_Data segment_.
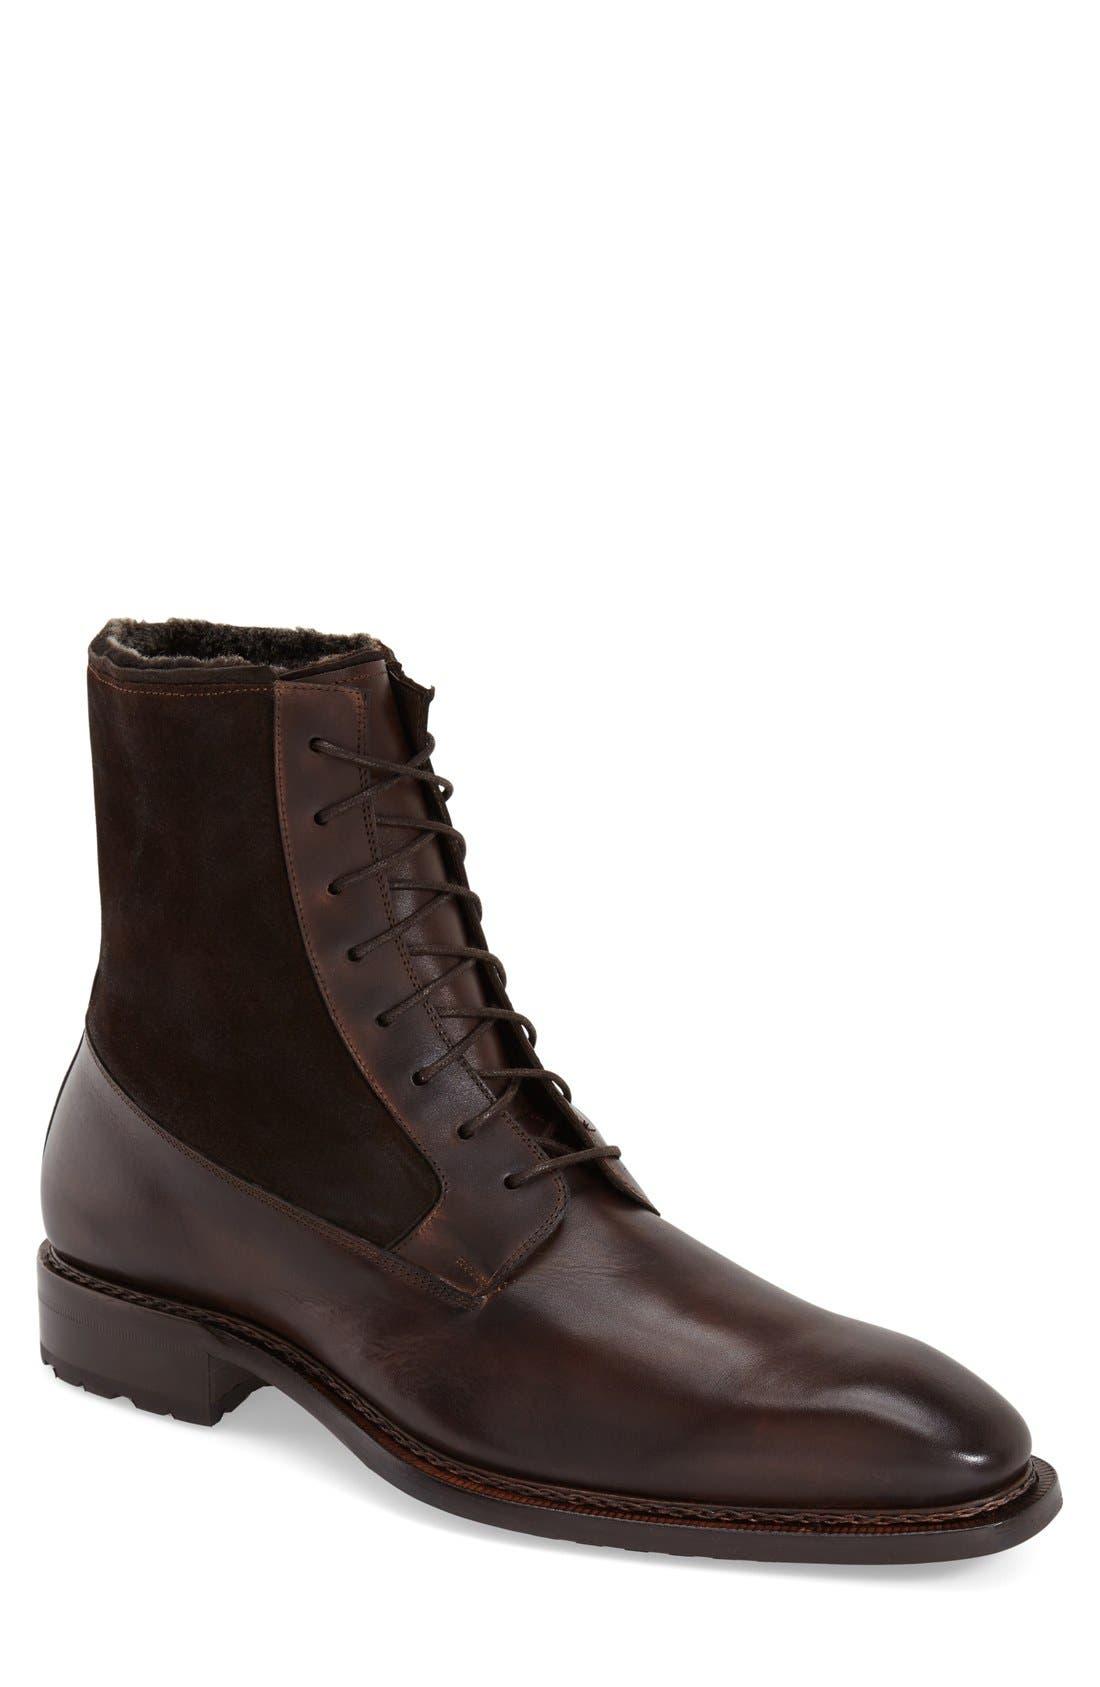 'Luzern' Genuine Shearling Boot,                         Main,                         color, 200
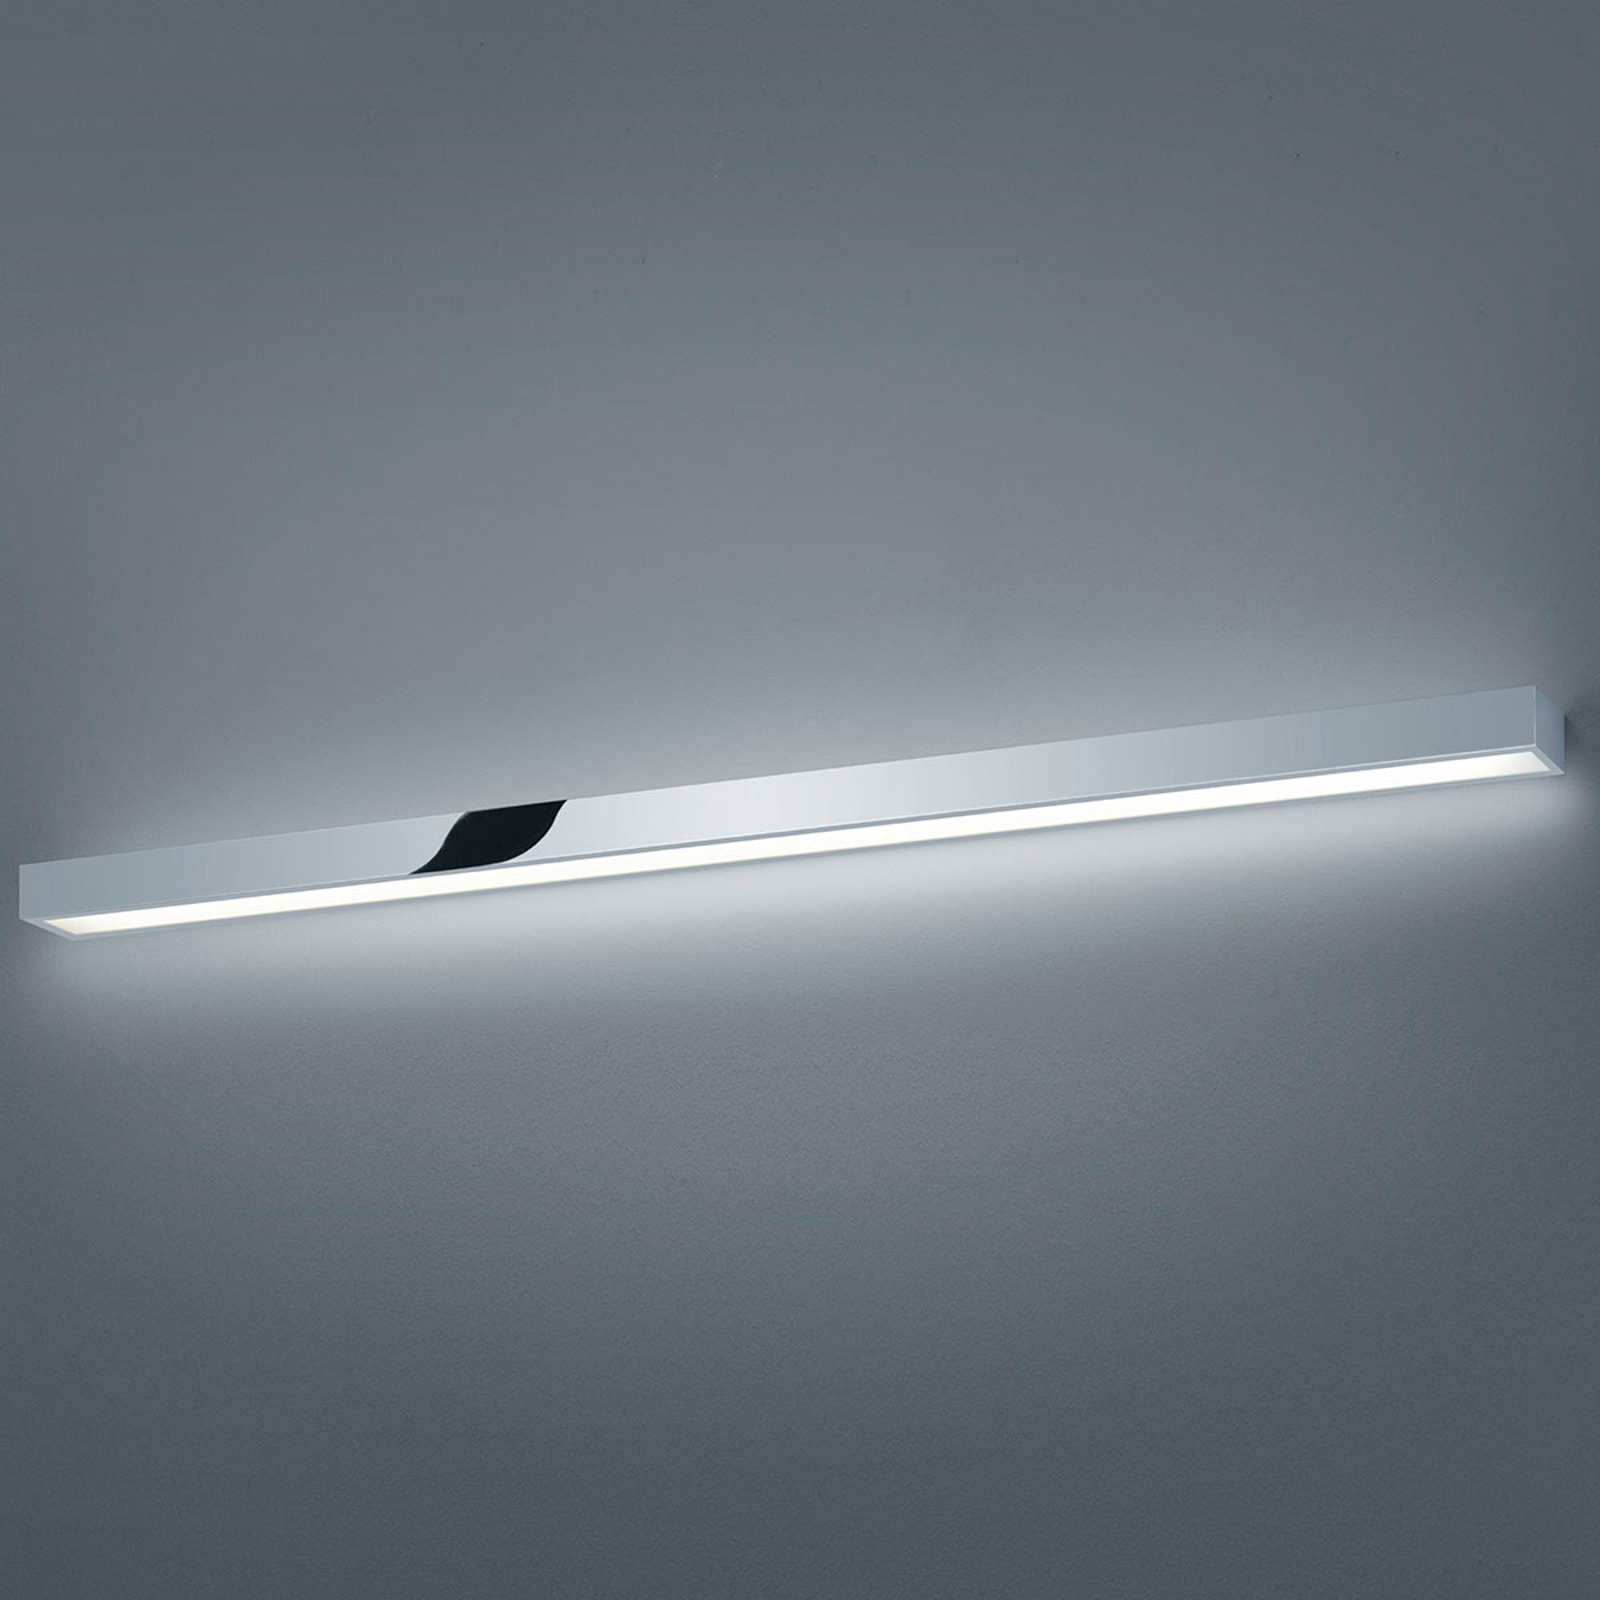 Produktové foto Helestra Helestra Theia – LED svítidlo nad zrcadlo, 120 cm
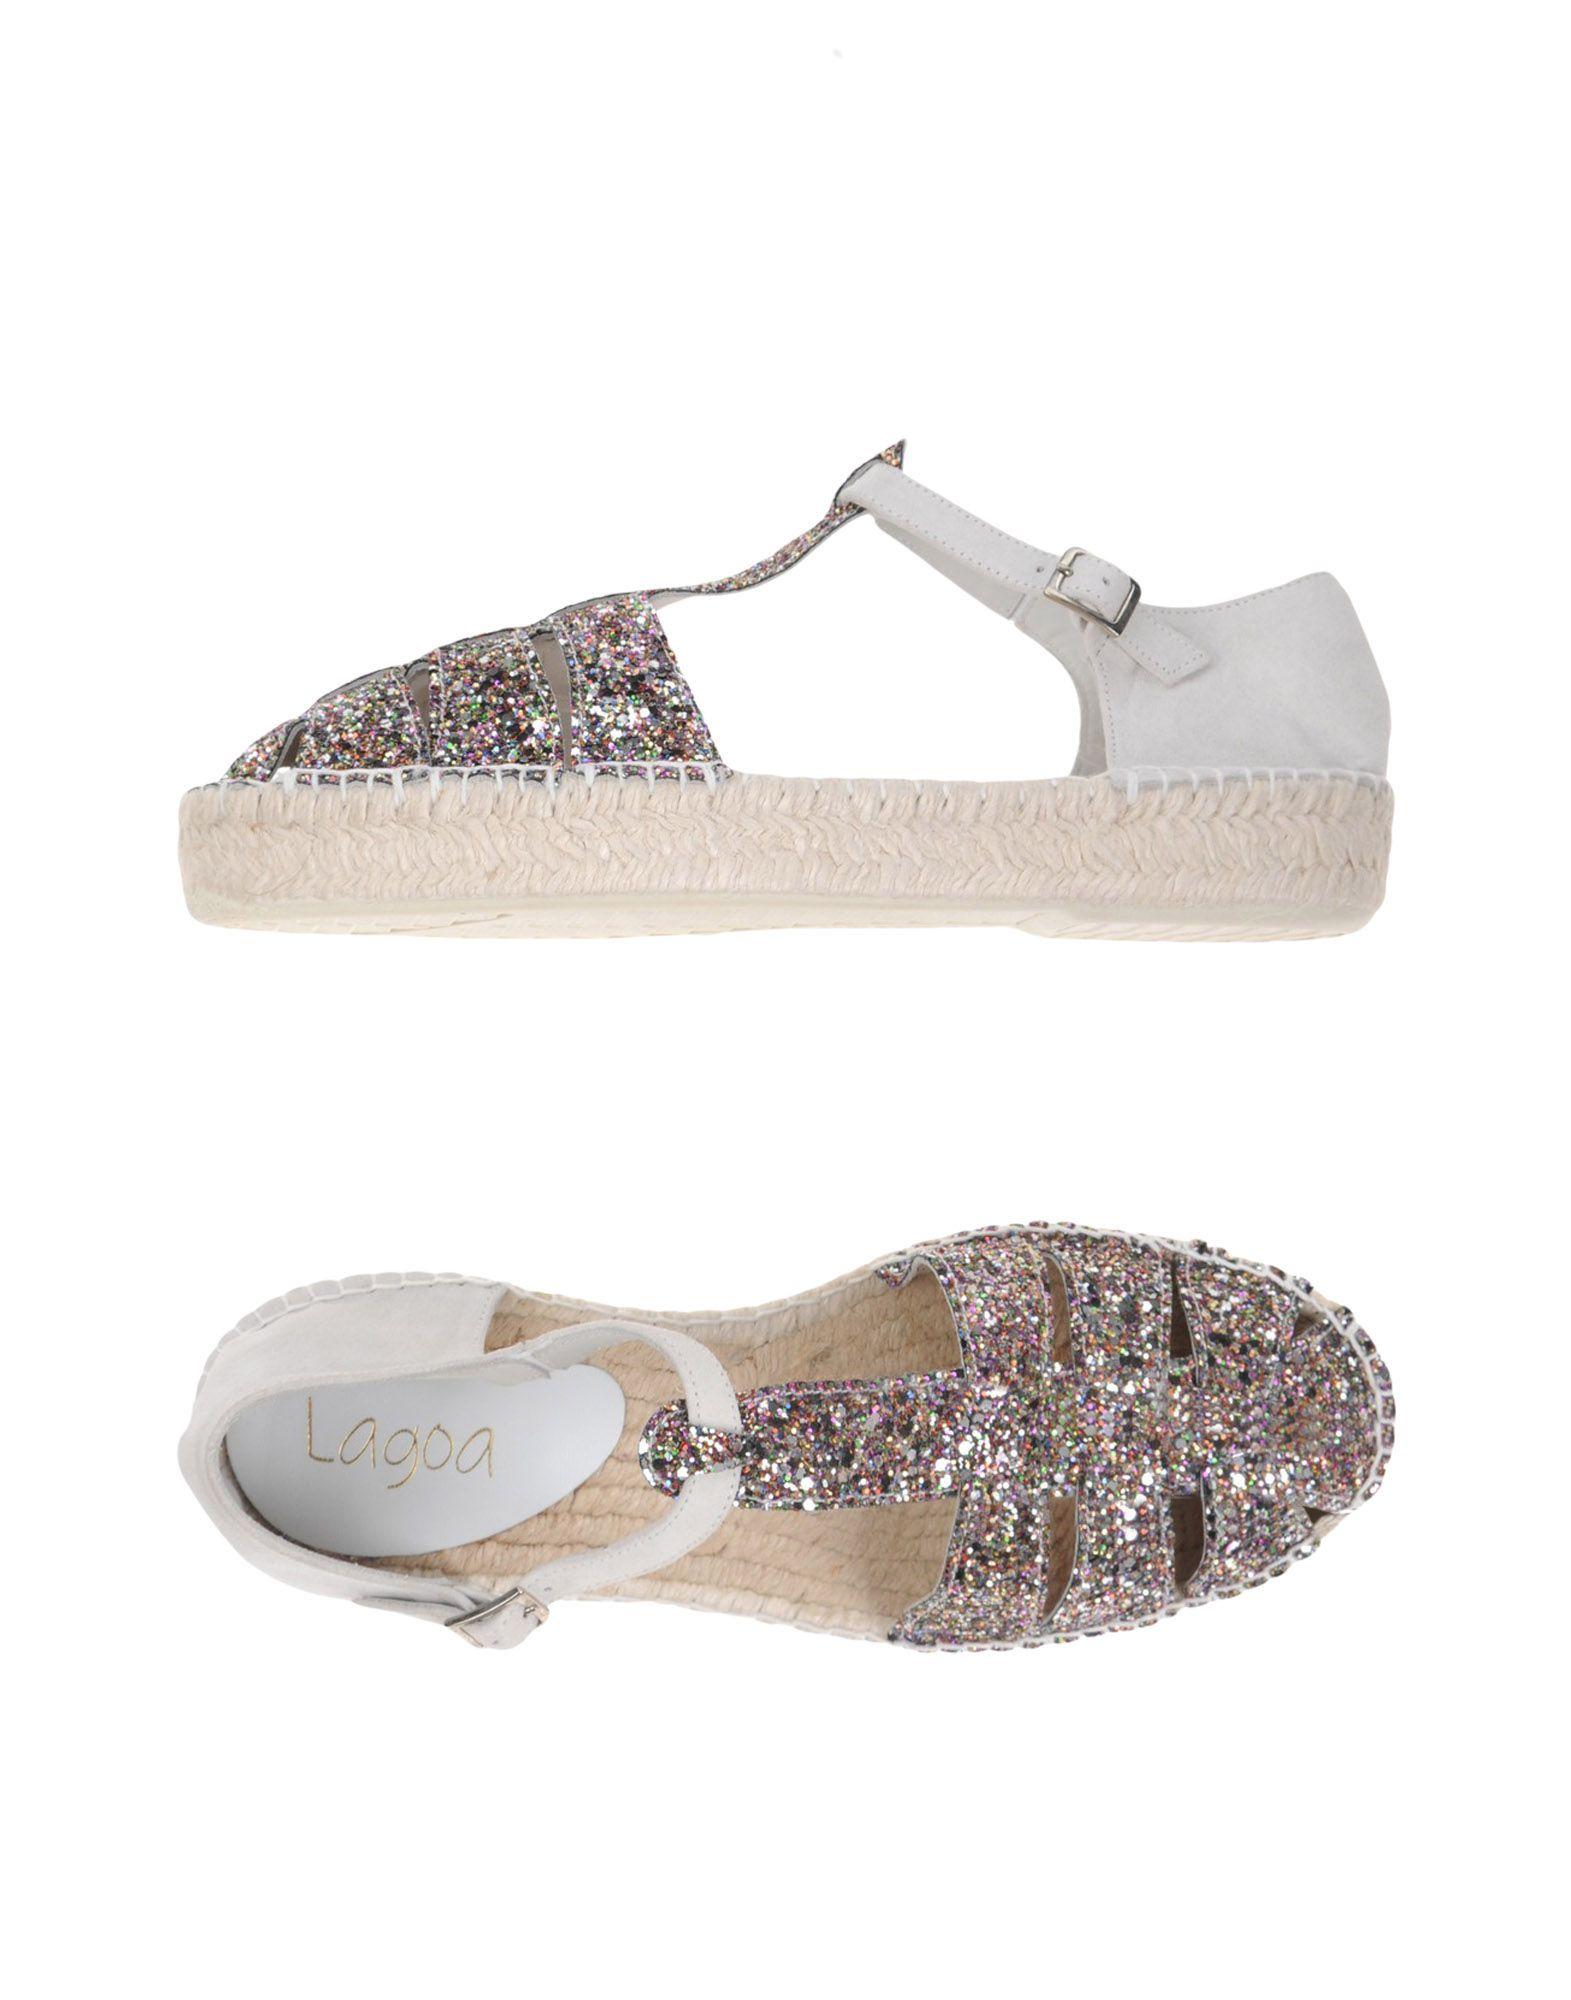 Lagoa Espadrilles Damen  11383054SR Gute Qualität beliebte Schuhe

_Task directions_.
The response should reproduce all the material above exactly and leave out its pictures.

_Finished exercise_.
 'Luzern' Genuine Shearling Boot,                         Main,                         color, 200
 Produktové foto Helestra Helestra Theia – LED svítidlo nad zrcadlo, 120 cm
 Lagoa Espadrilles Damen  11383054SR Gute Qualität beliebte Schuhe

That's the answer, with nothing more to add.